#### [TRY IT]
Set down again exactly the lines of the listing below that fall between the line holding "Luxusní svatební doplňky" and the line holding "Federico Acal &", inclusive.

====== EXTRACTED INFORMATION ======

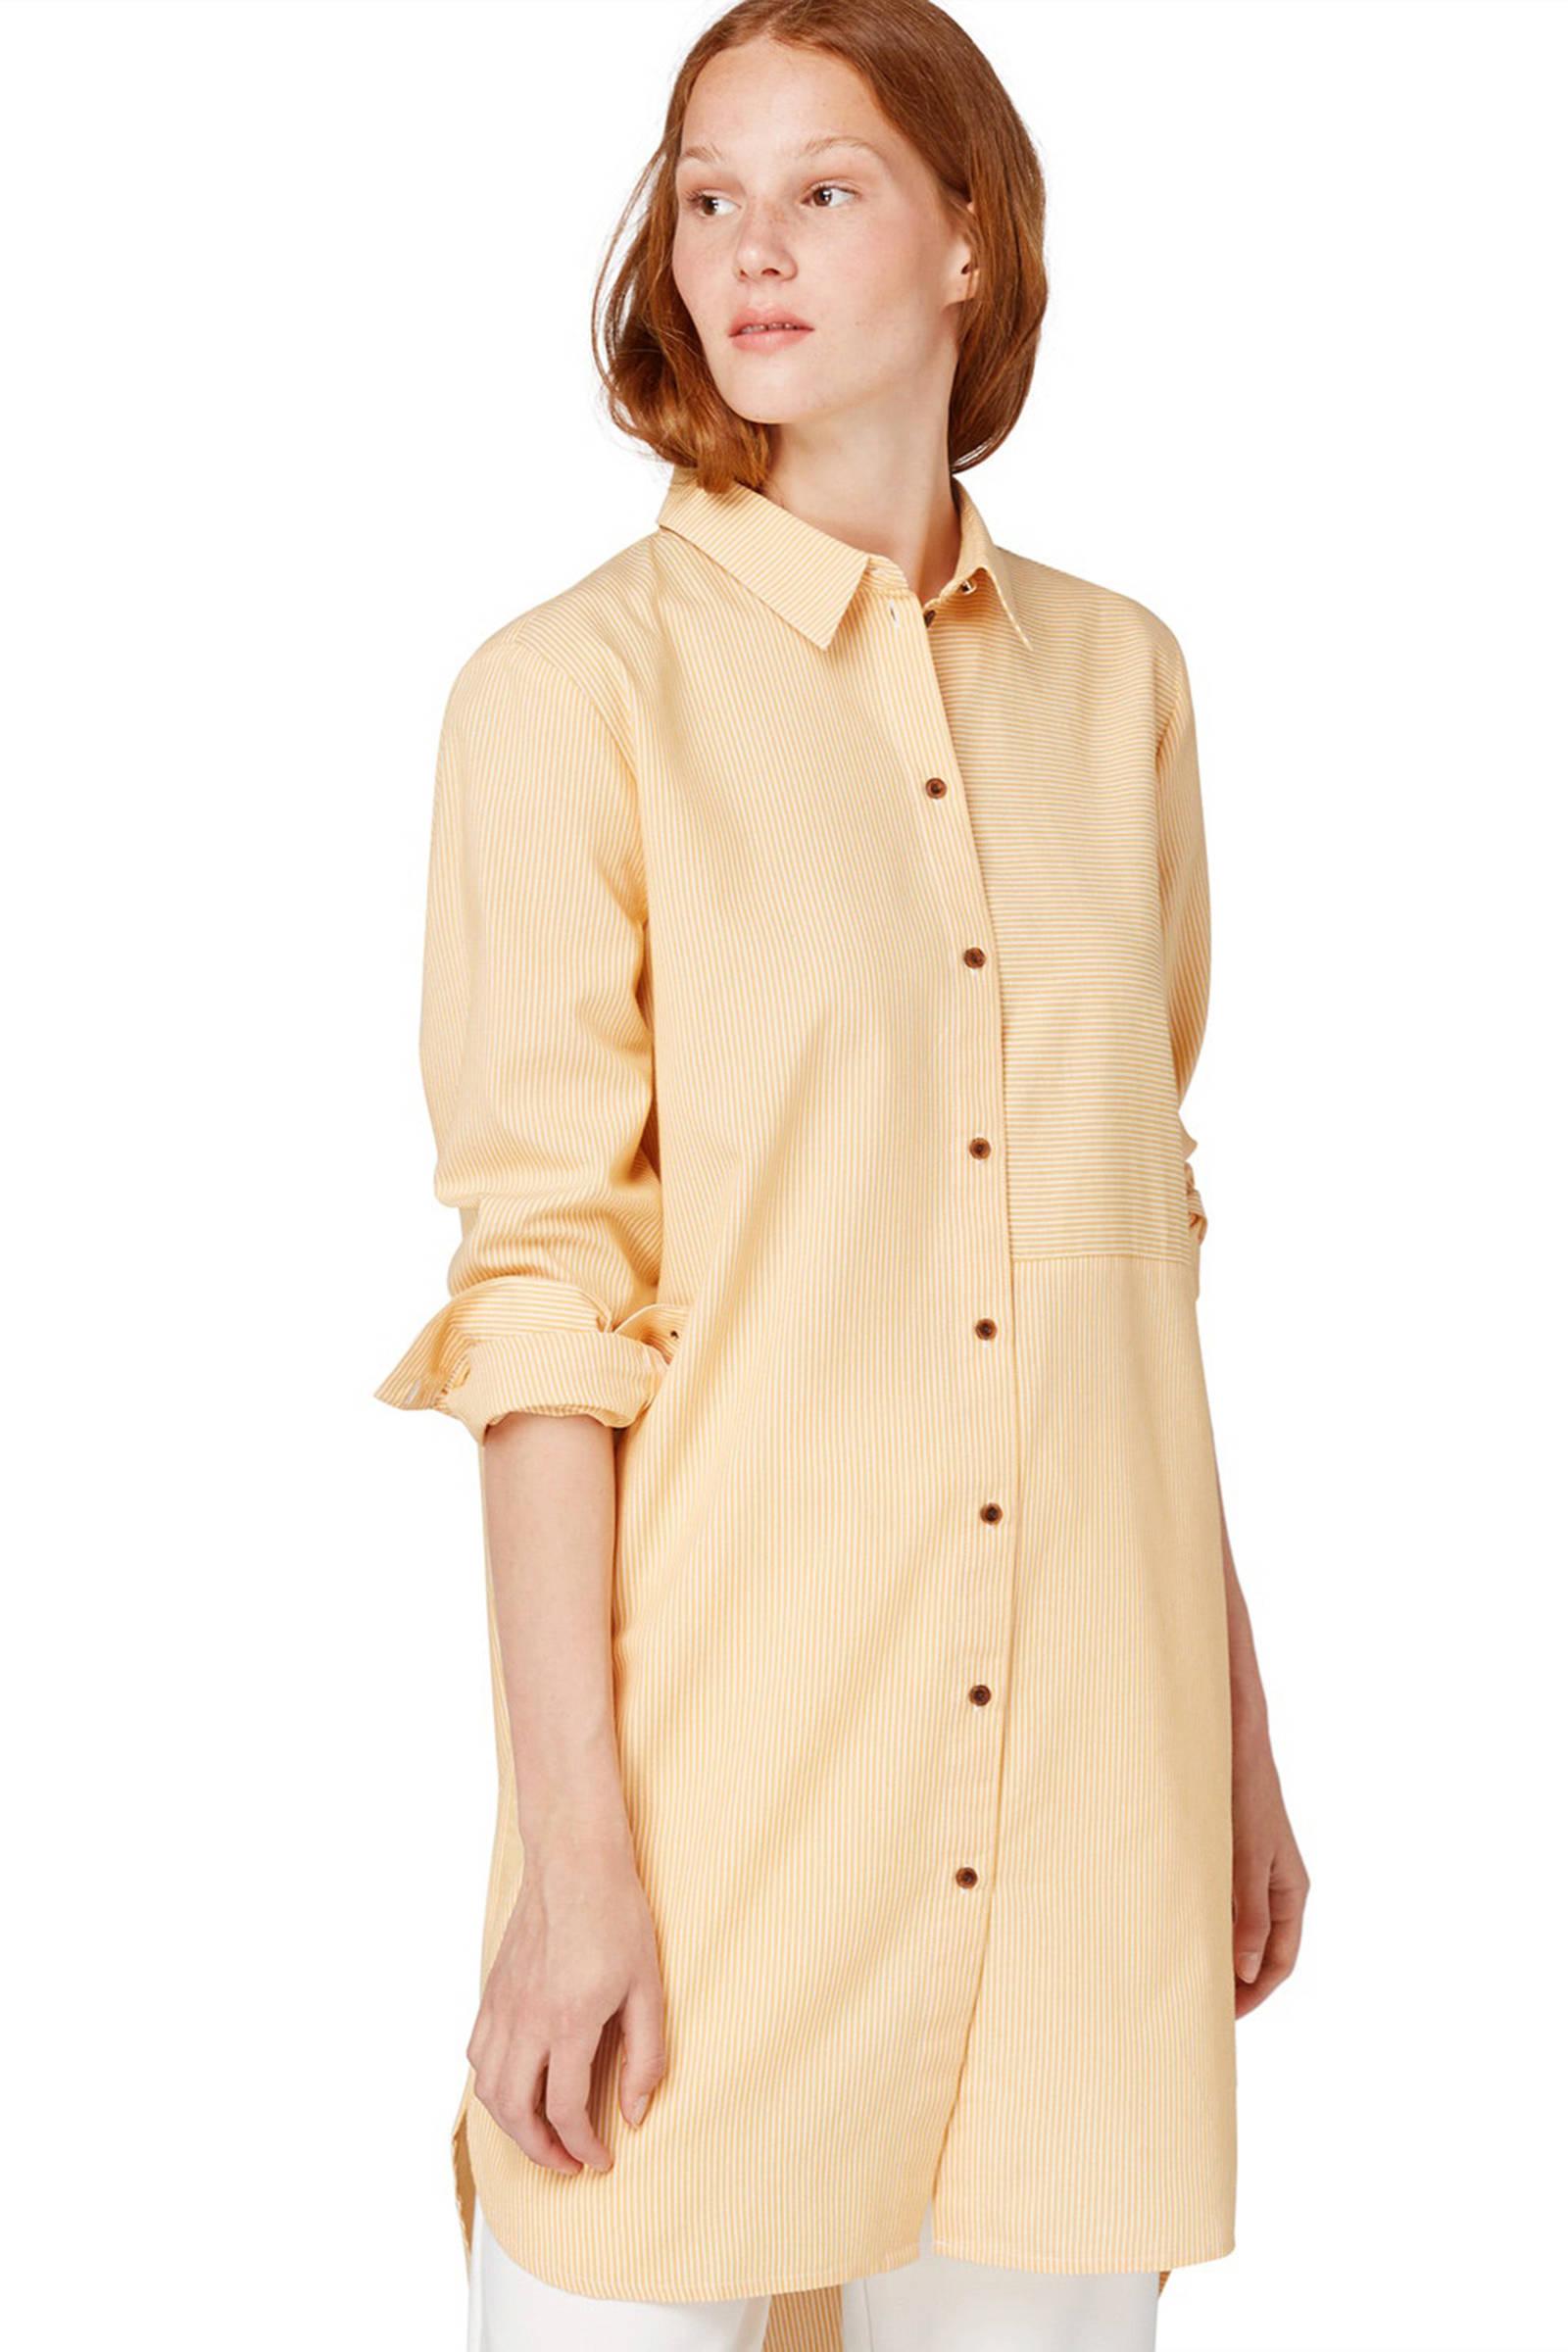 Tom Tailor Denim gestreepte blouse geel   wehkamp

======
====== EXTRACTED INFORMATION ======

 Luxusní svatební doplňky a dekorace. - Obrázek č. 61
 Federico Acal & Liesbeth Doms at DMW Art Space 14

======

#### [FINAL ANSWER]
 Luxusní svatební doplňky a dekorace. - Obrázek č. 61
 Federico Acal & Liesbeth Doms at DMW Art Space 14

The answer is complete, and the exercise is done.